Like all wars, the Second World War was full of tragedies, but wars also provide a great many fascinating stories. There were conflict, drama and courage on display, every step of the way. Courage was needed not only to face enemy action but also to go to war with obsolete equipment against capable enemies – and indeed, to overcome imperial prejudice. There is an incredibly rich vein of Second World War stories in India, which could be mined by Indian historians, novelists, and even the Indian film industry.

The war brought many global celebrities or people who would later become celebrities, to India; among them writer Eve Curie (daughter of Nobel laureates Marie and Pierre Curie), naval officer Ian Fleming (future author of the James Bond novels), and RAF pilot Ezer Weizman (future president of Israel). Indian princely families made significant contributions to the war effort, and some young princes joined the Indian Air Force, just as during the First World War some Indian princes joined elite cavalry regiments.

The Indian film and entertainment industry actively supported the war effort, and outside official view, there were some unscripted romances between dashing young military personnel and glamorous figures from the film industry. There are also connections to the Indian cricket world, although Indian cricketers did not have the celebrity status then which they enjoy now.

And importantly, the war provided frameworks for the incredible diversity of both Indians and other nationalities who came together during the Second World War. There were far-reaching social consequences in matters as simple as the passage of thousands of people of multiple nationalities through the country, and the appearance of women in offices and paid jobs as part of the war effort.

Indian wartime experience not only contributed to making the country and her institutions what they are today but offers lessons that still have significant validity. Social issues the world faces today are recognizably similar to some from that era – including identity issues and discrimination. Many of the Indian armed forces’ contemporary military challenges had counterparts then: long-running, mostly unrecognized fighting of a unique kind; terrorism (or at least suicide attack); inappropriate technology for local conditions – they were all issues in 1939 as much as they are in 2019.

On top of everything else, that was a period of utter ruination of rural economies in India, partly because of the diversion of food to the war effort.

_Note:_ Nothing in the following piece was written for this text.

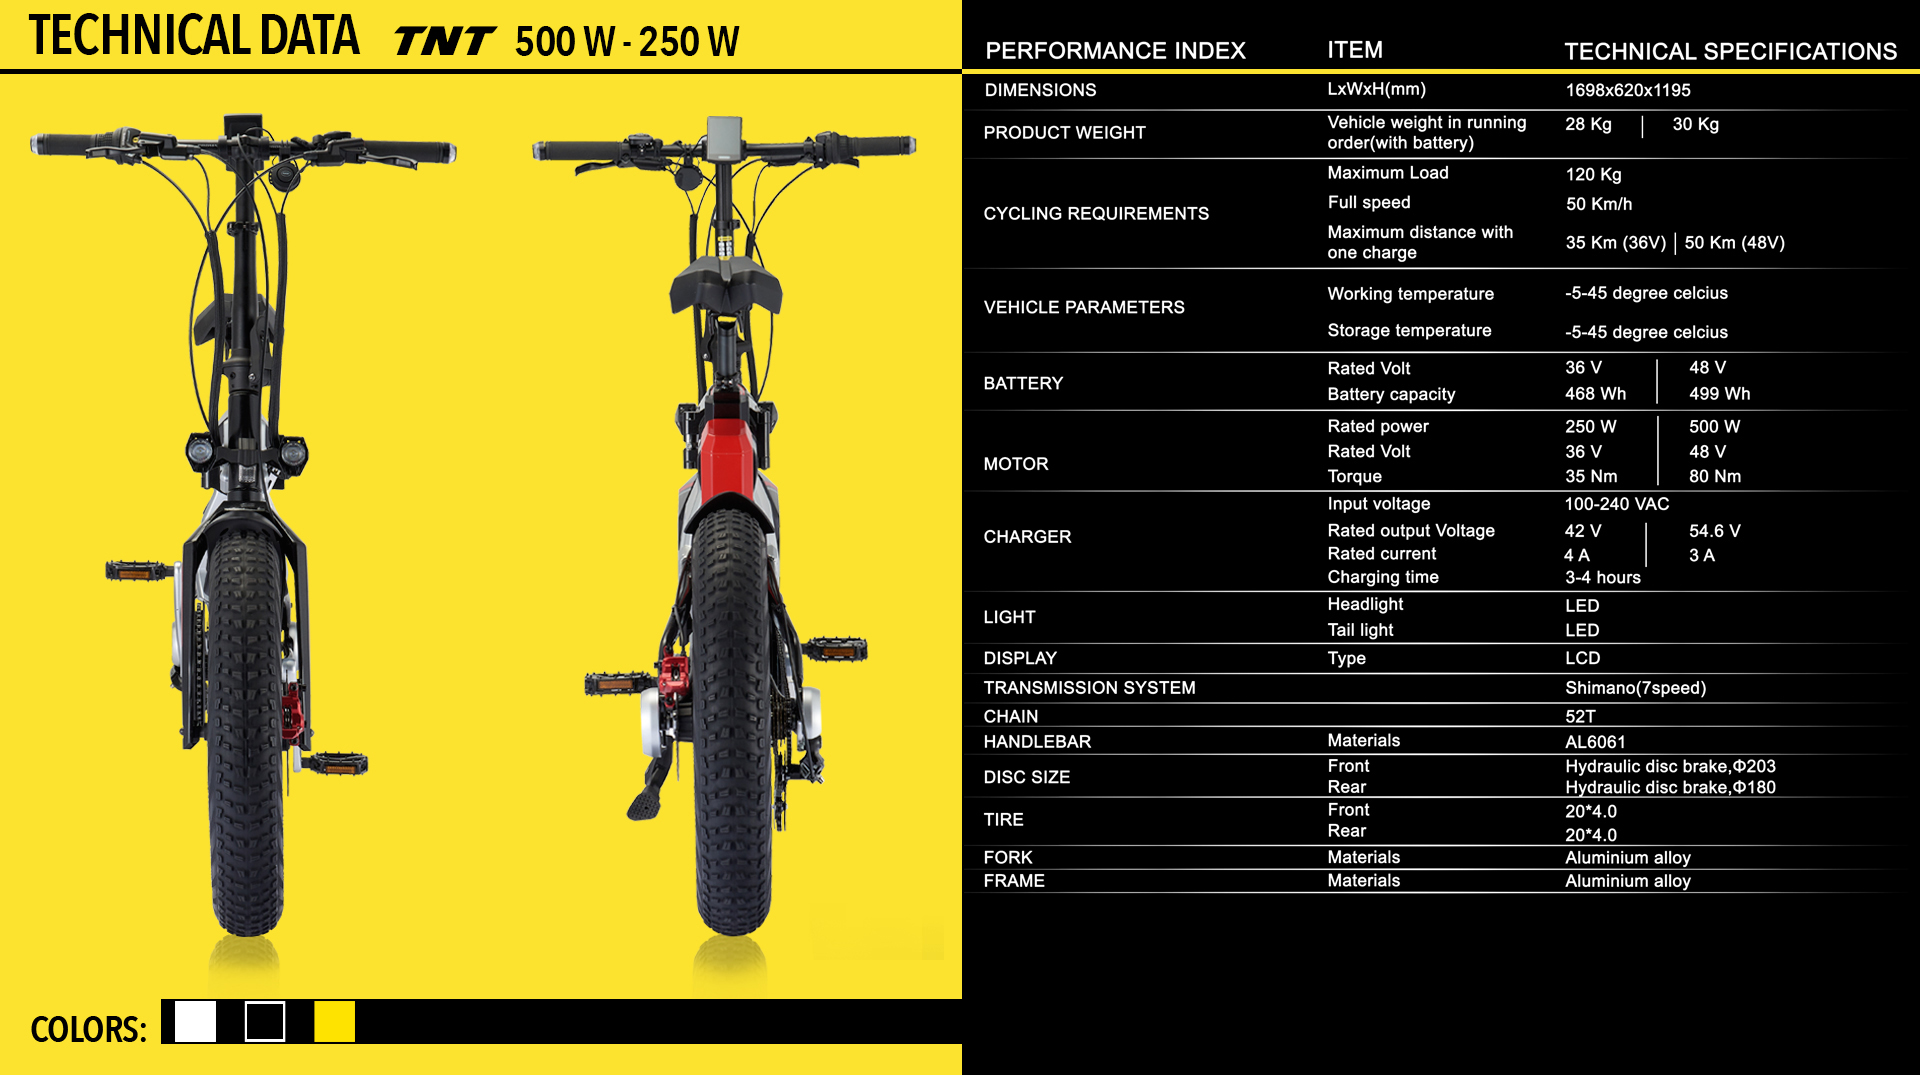 TNT Velocifero electric bike design 500W

How India dealt with all those challenges should be of enduring interest.

There remain ironies around some of the roles India undertook during the Second World War, but on its anniversary, thoughtful Indians, and our government might draw some lessons from how the country confronted those challenges decades ago.

K.S. Nair is the author of around 60 articles on the Indian armed forces, featured in Indian and overseas publications and online. His second book, The Forgotten Few: The Indian Air Force in World War II is due for publication by HarperCollins India at the end of September.